The confession should terrify me. Instead, it confirms what I already suspected—that Lorenzo Santoro operates by different rules from the civilized world I used to inhabit. Rules that might be the only thing keeping me alive. Rules that, given the chance a month ago, I'd have used against him, and now I'm feeling grateful he lives by them.
"Did you kill them to protect me?"
"I killed them because they were going to kill us." He turns back to the city. "Everything I do now is about keeping you breathing long enough for Costa to decide your fate."
I climb onto the stone ledge beside him, bringing myself to his eye level. "Is that all this is to you? A job?"
"That's what it was supposed to be." His voice drops lower. "Extract information, then eliminate the target. Should've been clean and simple."
"But?"
"But nothing is simple anymore." He meets my eyes. "You were supposed to be dead weeks ago."
I reach up and trace the scar down his cheek, feeling him go very still under my touch. "Why am I not?"
"Because you're Emilio Costa's daughter."
"That's not why." I lean closer, close enough to see the conflict in his hazel eyes. "That's the excuse you tell yourself, but it's not the reason."
Lorenzo's hand covers mine, pressing my palm against his scarred cheek. "What do you want me to say, Serena? That I couldn't pull the trigger because you reminded me of something human? That watching you fight for your life made me remember what it felt like to care about someone?"
"Is that the truth?"
"The truth is you were a job until I fucked you that night after having drinks." The words come out rough but honest. "Then it got complicated."
Heat flushes through me at the memory, at the way he's looking at me now. "Complicated how?"
"You know how." His thumb brushes across my cheekbone. "Don't make me say it."
I shift closer, sliding my arms around his waist. His hands find my hips automatically, steadying me. "If I'm not a job anymore, what am I?"
"I don't know." The admission seems to cost him. "To Costa, you're an asset. A tool he can use to legitimize his empire or leverage against his enemies. To the other families, you're a threat to be eliminated or a prize to be claimed."
"And to you?"
Lorenzo's grip on my waist tightens. "To me, you're a complication I can't afford and can't eliminate."
"That's not an answer."
"It's the only answer I have." His voice is strained. "I've never had to define what someone means to me beyond their use as a target or an ally. I don't have vocabulary for whatever this is."

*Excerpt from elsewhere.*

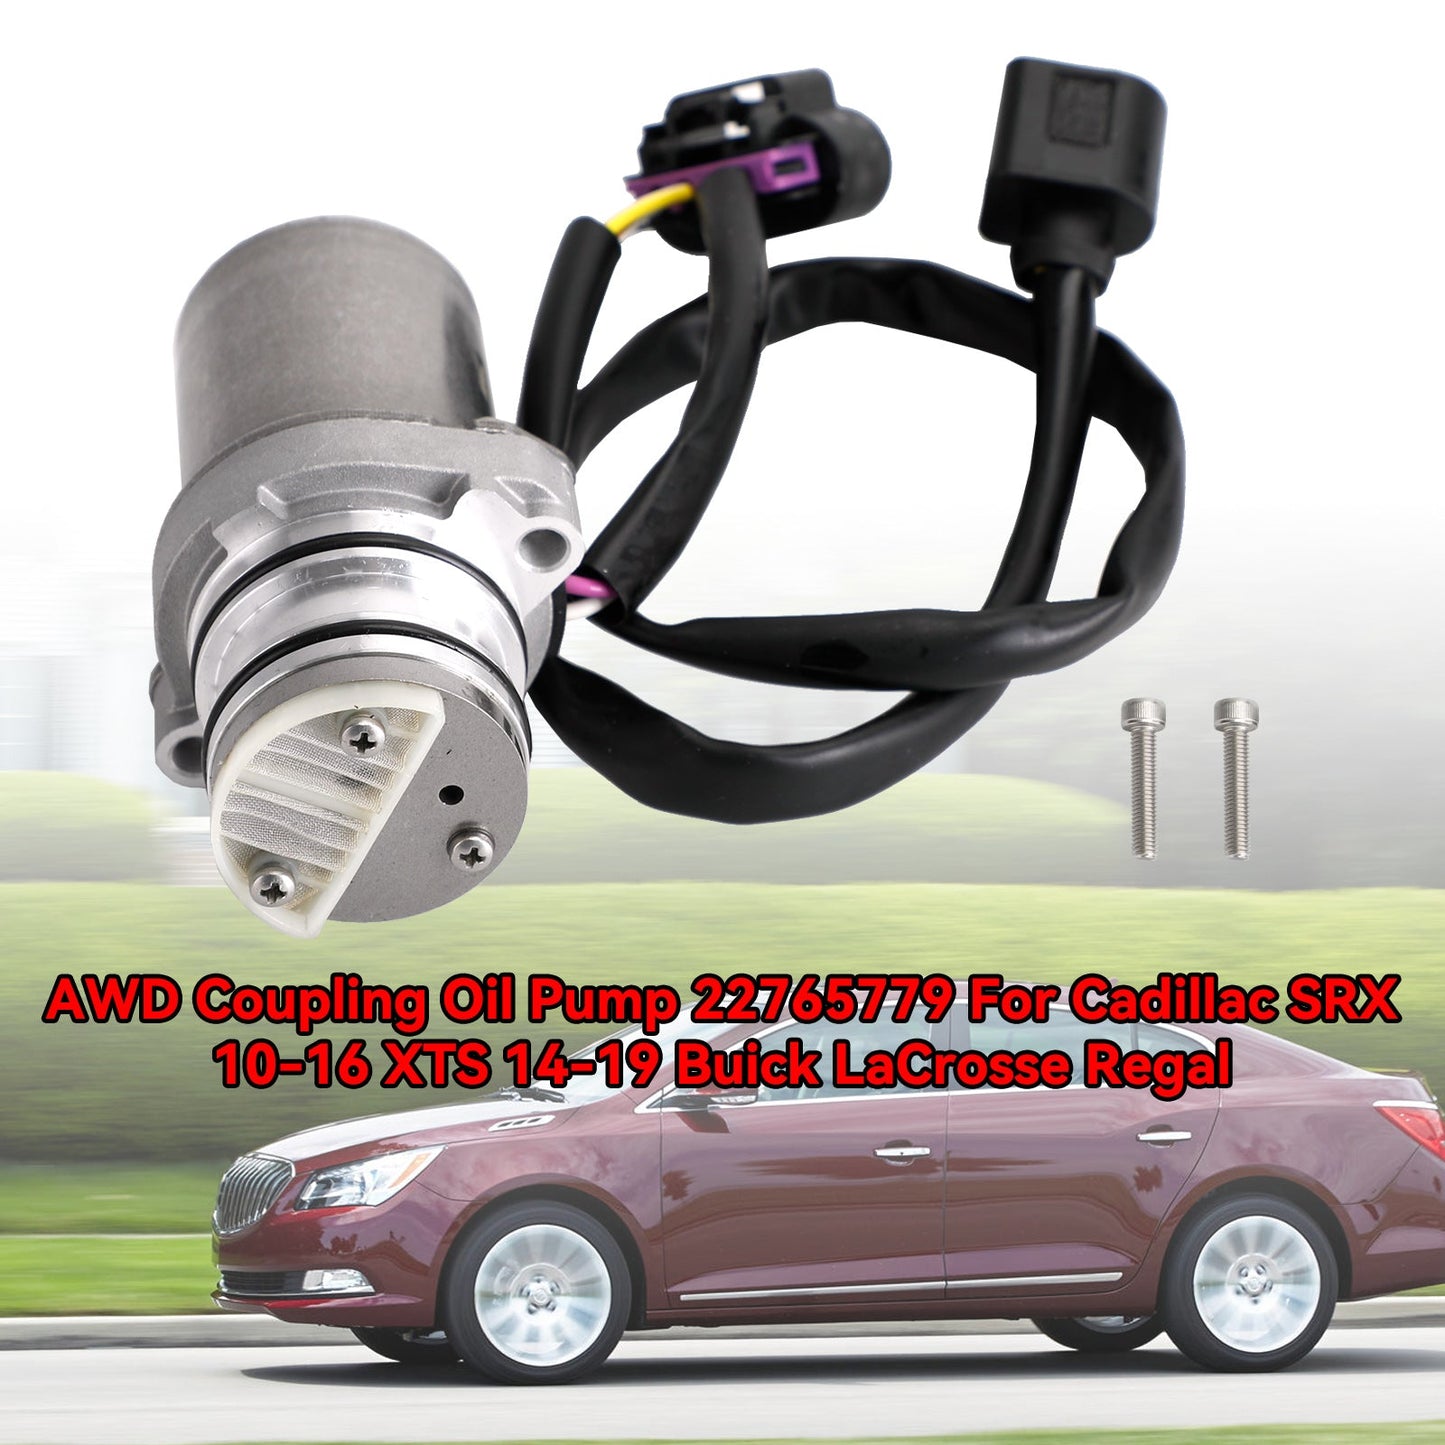 2010-2011 Cadillac SRX V6 2.8L 3.0L AWD Coupling Oil Pump 22765779 404029 13285796 699000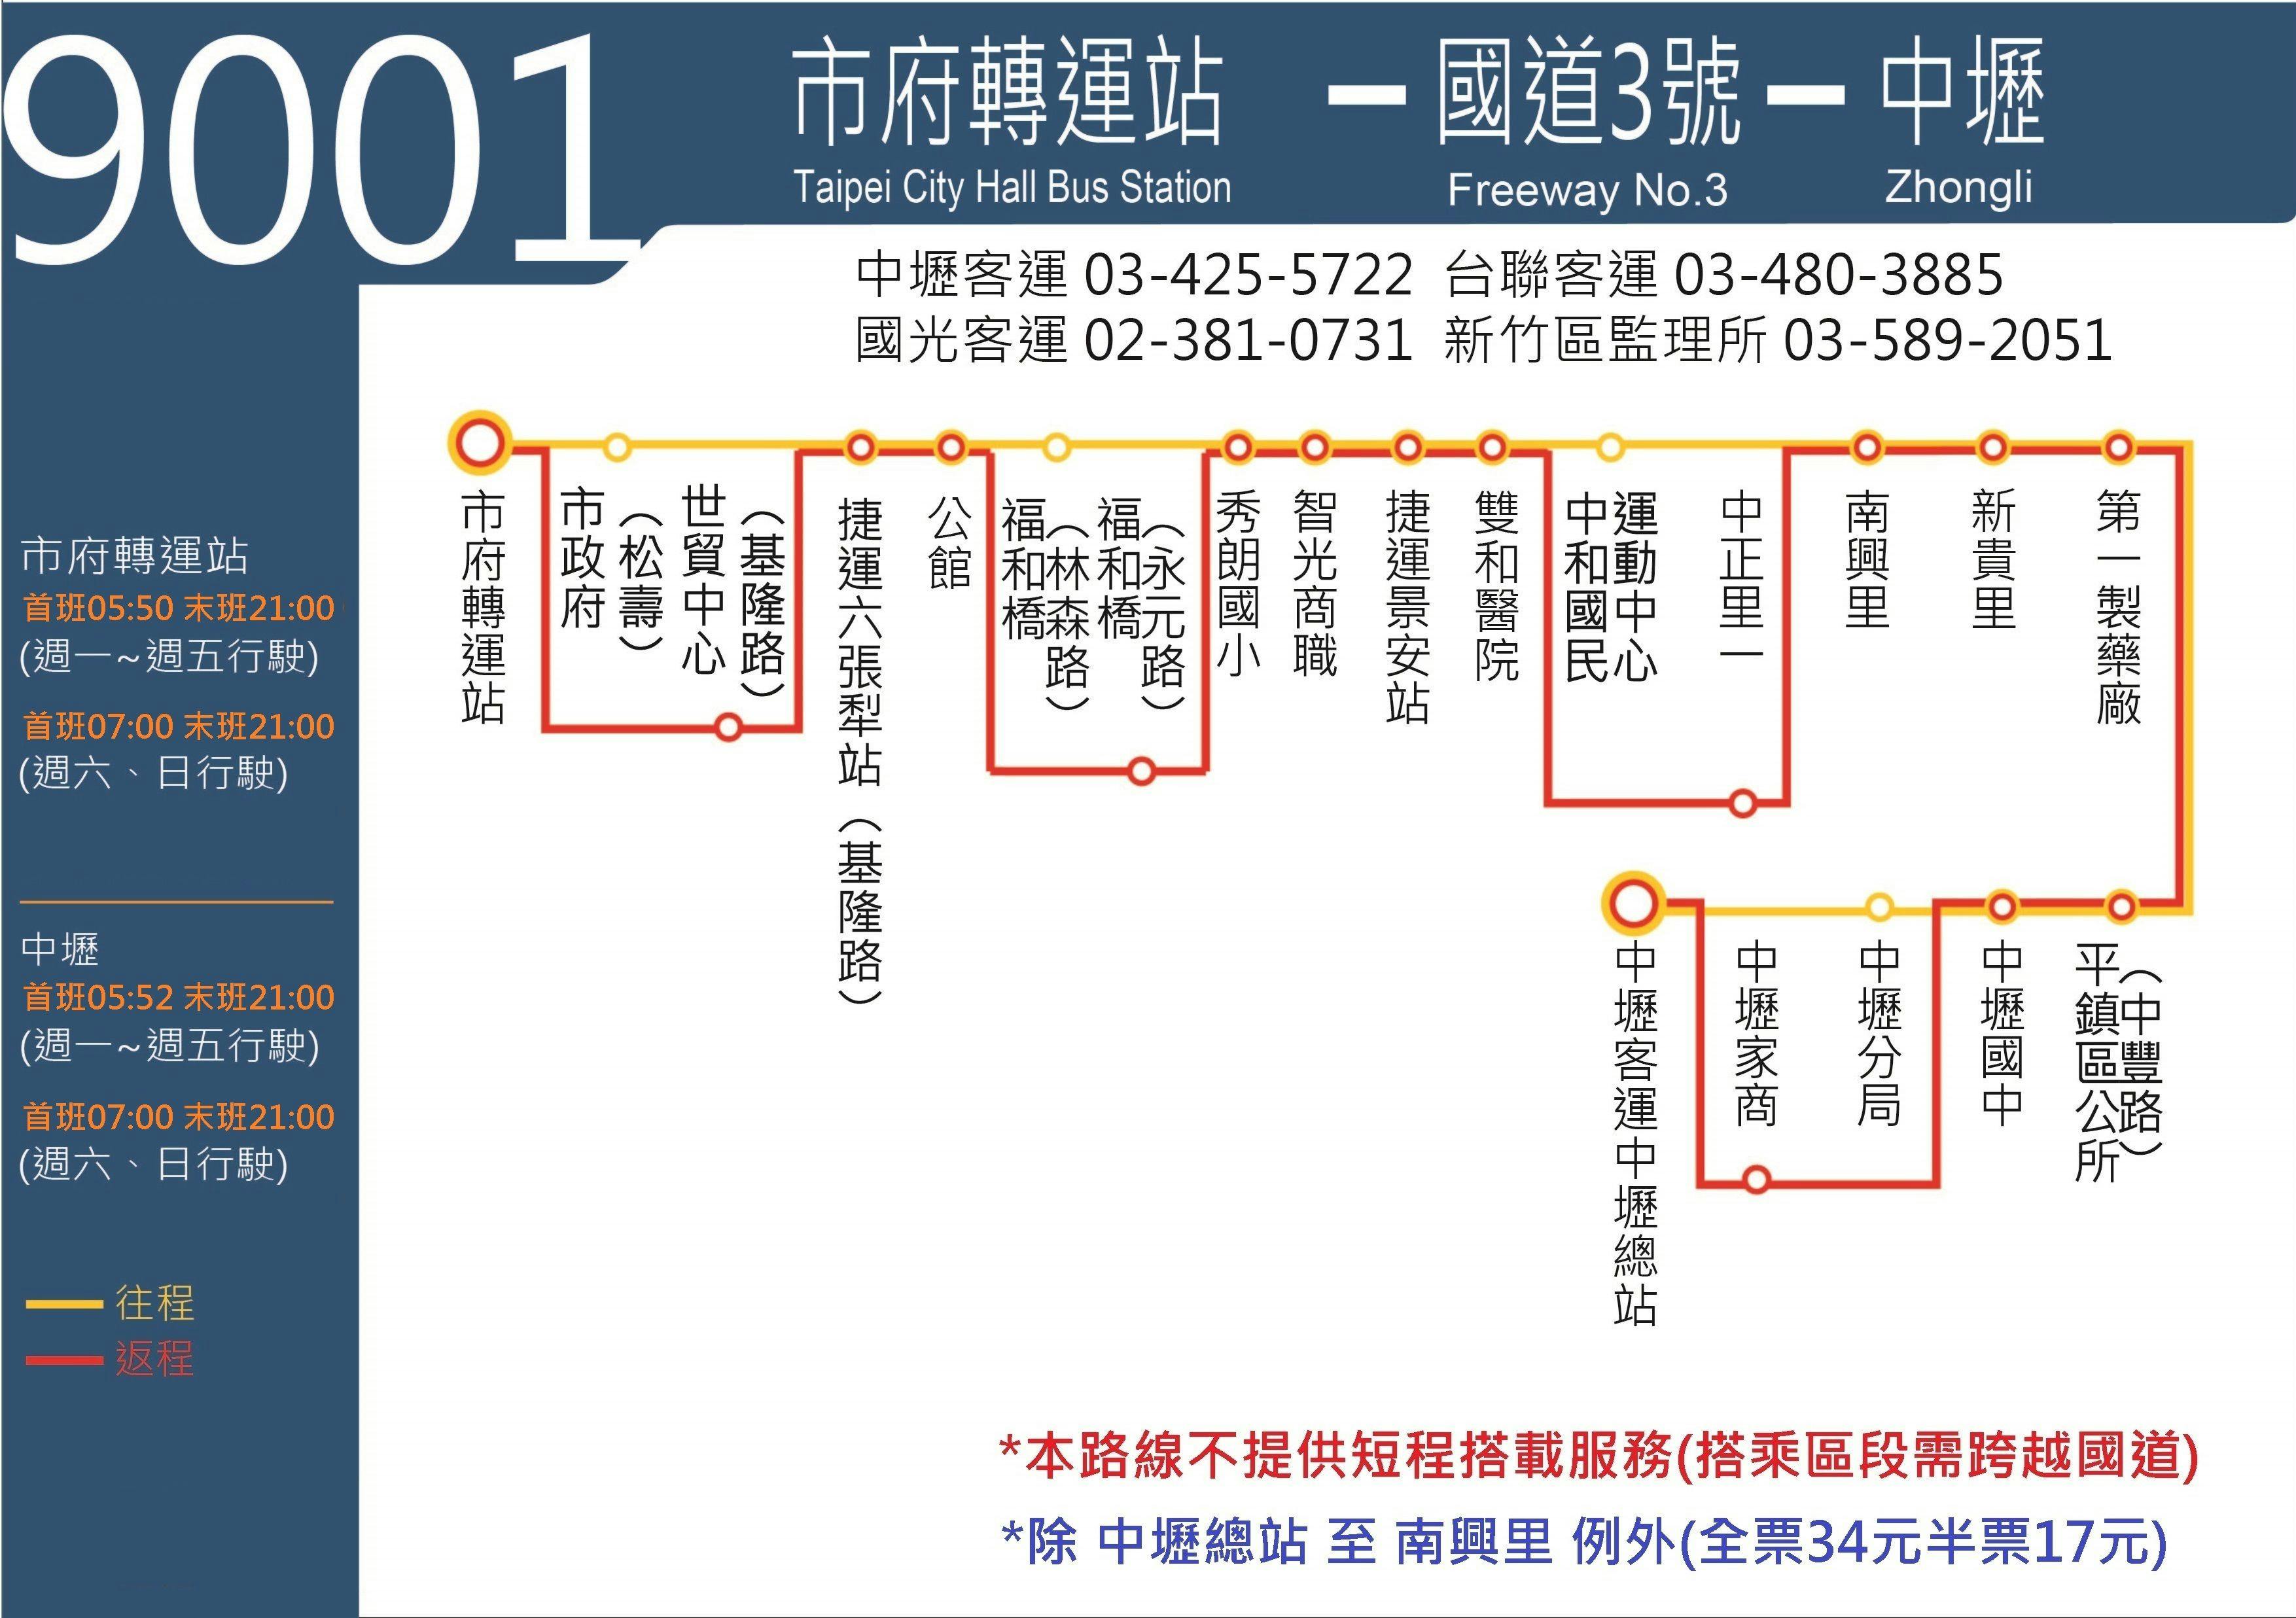 9001Route Map-Chungli Bus

I understand that admission in a way that surprises me. My entire adult life has been built around the law, around clear definitions and documented precedents. There's no legal framework for what exists between us, no case law to guide me through the ethics of falling for my captor.
"Maybe we don't need definitions," I say. "Maybe we just need honesty."
"Honesty?" He tilts his head. "You want me to be honest about what I think when I watch you sleep? About what I imagine doing to anyone who tries to take you from me?"
The possessiveness in his voice should alarm me. Instead, it sends heat spiraling through my core, especially when his grip grows firmer. "Yes."
"I think about killing them." His hands slide up my ribs in a possessive motion. "All of them. Every family, every rival, every threat. I think about ending this the only way I know how—with bullets and blood and bodies in shallow graves."
"And then what?"
"Then I remember you wouldn't forgive me for that. You'd see the monster instead of the man." His forehead touches mine. "So I try to think of another way."
The confession breaks something open in my chest. This dangerous, violent man is restraining his nature because of how I might react. Because my opinion of him carries weight he can't quantify but can't ignore.
I kiss him softly, and he returns the gesture with such tenderness, I feel surprised. He tastes of coffee and cigarettes but his mouth is gentle against mine.